August marks not only back-to-school time but also college campus kickoff. This time of year invokes many emotions in me as I gear up for empty nest, the second year. From the bittersweet pang in my heart that is swirled with excitement, to readjusting to two living at home, my feelings are all over the place. And I know this is all part of the new norm with the comings and goings of parenting adult kids.
Summer gave us some time to reconnect as a family, while allowing our sons some much needed downtime and brother time. Much of the break was filled with part-time jobs, dental, doctor, and eye appointments along with car maintenance/repair.
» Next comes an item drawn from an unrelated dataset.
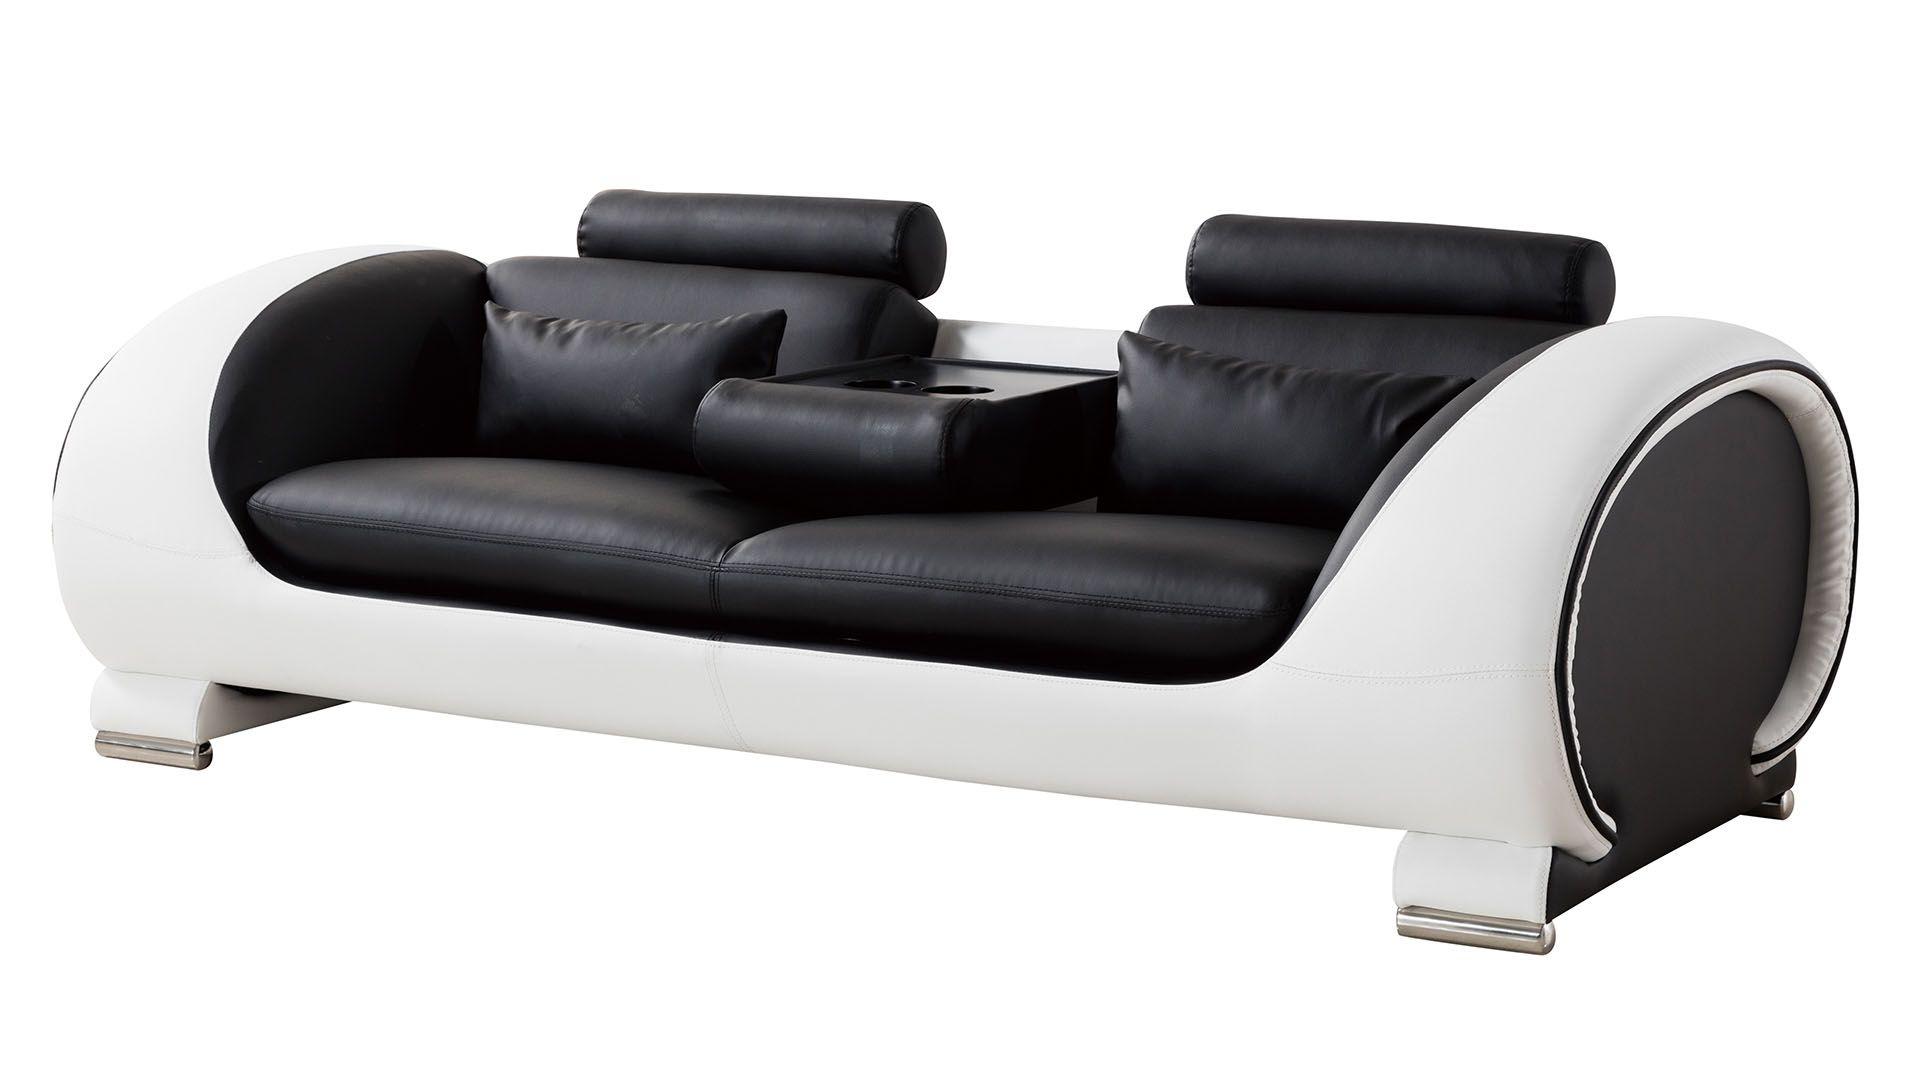 

    
American Eagle Furniture AE-D802-BK-W Sofa Set White/Black AE-D802-BK-W-2PC

And the next thing you know, the kids are loading up their cars and taking off again.
I guess empty nest wouldn’t be so bad if it didn’t coincide with perimenopause and turning 50 (soon). My hormonal imbalance holds my emotions hostage making me mourn for my youth, mourn for the days of motherhood, mourn for the hectic schedule of raising a family. One moment you are fine; the next, you find yourself blubbering over an item at the grocery store, not even sure why this internal battle of heartache is being fought.
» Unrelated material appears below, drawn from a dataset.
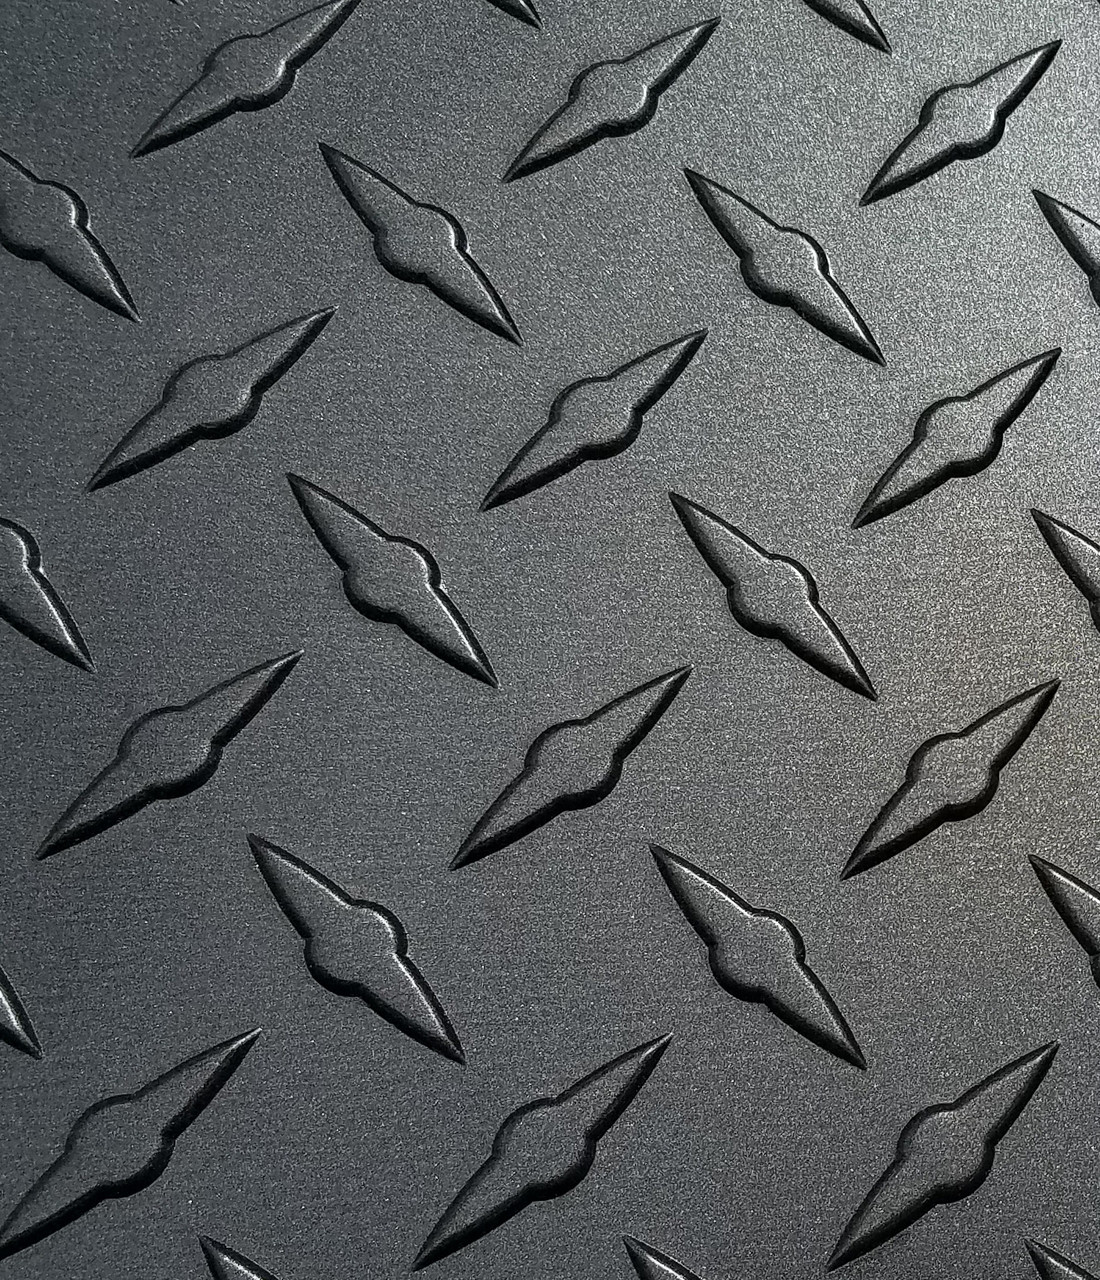 Gunmetal Gray Diamond Plate Aluminum Sheet Cutsmetal

Small streaks of sadness spread over me as I watch with envy a young mother pushing a stroller, talking on her cell phone, not breaking a stride, sweat, nor breath, as she breezes past me. Those early days of being a young mother may be behind me but the memories of raising rough and tumble boys into young men are close in my heart and just waiting to spill out when conversation allows or when someone asks for parenting advice.
The emotional roller coaster of a middle-aged mother is real. From the highs of being a mom to the lows of letting go and rediscovering who you are in between, seems to happen in no time flat. One second you are waving goodbye to your child on the first day of school; the next you are wondering where the time has gone, as your young adult ventures off into the world.
Re-enter the empty nest blues. For me, year two is becoming that all too familiar cycle of tears, acceptance, and finally adjustment. Back to a cleaner house, less cooking, cheaper utility bills, and more “me” time. But only temporarily for this too shall pass, or at least until their next visit!